獣みたいな目のままフェリクスは俺を見ながらそう言った。恨み言も言わないフェリクスは代わりに俺をじろじろ見やる。いつもの事だった。何してくれてんだと、チンピラがガンつけるように視線をうろうろ俺の体に這わせる。若干目の色が戻ったのに息を吐きながら、血振りする。

「何が『絶望する』だ、馬鹿か。新兵ごっこがしたいなら終わってからにしろ」
「出た……」

目を細めながら嫌そうに呟くフェリクスに青筋が浮き上がる。
また説教か、と嫌そうなのに俺から目を逸らさないフェリクスの目が正直苦手だった。全体的に色素の薄いこいつと目を合わせていると吸い込まれそうな気がして、そのまま俺も目を離せなくなってしまう。
いつも、相当な腕を持っているこいつならあんなふざけた真似をしても生き残ることは知っているがそれでも。それでも結局こいつの楽しみを奪って助けてしまう、という事がどういう事か少しくらい考えやがれ馬鹿が。

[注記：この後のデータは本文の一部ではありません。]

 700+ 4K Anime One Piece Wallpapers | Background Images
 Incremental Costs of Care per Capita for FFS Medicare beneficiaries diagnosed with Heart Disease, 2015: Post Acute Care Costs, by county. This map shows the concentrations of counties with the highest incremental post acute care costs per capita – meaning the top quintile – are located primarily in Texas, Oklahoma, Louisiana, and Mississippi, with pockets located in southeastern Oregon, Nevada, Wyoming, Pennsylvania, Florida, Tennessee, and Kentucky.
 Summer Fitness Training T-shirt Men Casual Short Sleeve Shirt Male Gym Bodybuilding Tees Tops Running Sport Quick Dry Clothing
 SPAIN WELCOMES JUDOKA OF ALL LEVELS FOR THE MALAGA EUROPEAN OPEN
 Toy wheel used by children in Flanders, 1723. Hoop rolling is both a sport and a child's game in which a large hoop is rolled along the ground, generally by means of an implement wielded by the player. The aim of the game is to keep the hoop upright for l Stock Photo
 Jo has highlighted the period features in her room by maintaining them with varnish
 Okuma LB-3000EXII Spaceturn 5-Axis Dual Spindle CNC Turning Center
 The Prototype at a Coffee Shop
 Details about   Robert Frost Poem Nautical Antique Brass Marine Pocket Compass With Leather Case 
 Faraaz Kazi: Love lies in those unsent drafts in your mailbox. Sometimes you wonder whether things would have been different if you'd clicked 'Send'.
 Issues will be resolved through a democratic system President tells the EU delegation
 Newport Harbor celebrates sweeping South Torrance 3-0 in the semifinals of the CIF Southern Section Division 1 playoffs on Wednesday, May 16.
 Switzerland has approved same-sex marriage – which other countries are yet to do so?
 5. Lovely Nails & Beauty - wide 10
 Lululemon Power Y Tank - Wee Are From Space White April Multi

「……ふざけたいなら俺が削いでやる、そのまま動くな」


段々腹が立ってきて、ブレードを持ち上げて怒りを表してもフェリクスはどこ吹く風と、じっと俺を見つめているだけだ。怖がりも焦りもしない。こんなことをしておきながら俺の方が怯えてるとはどういう事だクソ。
結局振り切れずにアンカーを射出して迫ってきている巨人を削いで回る。動き回っている俺よりも、蹲っているフェリクスばかりに群がろうとしやがるから焦ってガスを噴かしすぎている。
駆逐し終わってフェリクスの正面にまた着地する。
あいつは俺を見上げて、獣の目をさらに煌めかせていた。
こいつは、変態だ。
そして最低だ。
俺がふざけた真似しやがるフェリクスを見捨てられずに助けて回る、それを見て興奮してやがる。俺を利用して楽しんでる。俺の気持ちを利用して。最高のクズだ。こんなクズを捨てられない俺も最高のクソだ。
助けた後のこいつの、俺だけを興奮してみるその目が見たかった。興奮しきった獣のような、その目を。
耐えきれなくなって俺から目を逸らして、首根っこをひっつかんで引きずる。

「チッ……さっさと立て!行くぞフェリクス」
「え、っ」

あのままフェリクスの目を見ていたらどうなるか分からない。俺が。
心拍が上昇しているのが分かるが、巨人との戦闘で上がったものではない事は分かっていた。
引きずって歩いていると、突然こいつを掴んでいた手を取られて逆に掴みあげられた。驚いて立ち止まって振り返ると、フェリクスはあの獣の目のまま俺の肘窩あたりに鼻を押し付ける。


「何してんだ」


触れてる部分が熱い。主にこいつの鼻息で。
こいつ匂いかいでやがる気持ち悪ぃ!

「おい、」
「……」

声を掛けても行為を続けていて、ついには対応を考えているうちに、いや、頭が真っ白になっている間に俺の腕を引っ張って引き寄せ腰に腕を回して抱き寄せながら俺の首に顔を埋めた。今度は首か。興奮しきった様子で俺の匂いを思う存分吸い込んでる。鼻息きめぇ。こんなところで何盛ってやがんだこいつ。ようやく頭が回り出し、そして俺の理性もやばくなってきたのもあって、自由だった右腕であいつの横っ腹をぶん殴ってぶっ飛ばす、つもりだったがこいつはやらないだけで腕だけはあるせいで軽く離れただけだった。

「や、……やめろこの豚野郎が!」
「ぐふぅ」
「何考えてやがる変態!」
「どうせ喰われる短い余生」
「ああ?」
「やりたいことやってくたばる」
「っ」

前屈んで腹を押さえていたやるが、顔を上げて俺を見たその目は、獲物を狙う獣そのものだった。
ブルーグレイの瞳のくせに欲のせいか銀色に見えやがる。思わず二の句を継げずにいると、周囲に仲間が集まって来ていた。
クソが。俺は踵を返してさっさと帰還のため歩き出す。いつもこんな調子だ。
無表情のくせに目だけは雄弁に語る、ケダモノのこいつに。
俺は調子を崩されっぱなしだった。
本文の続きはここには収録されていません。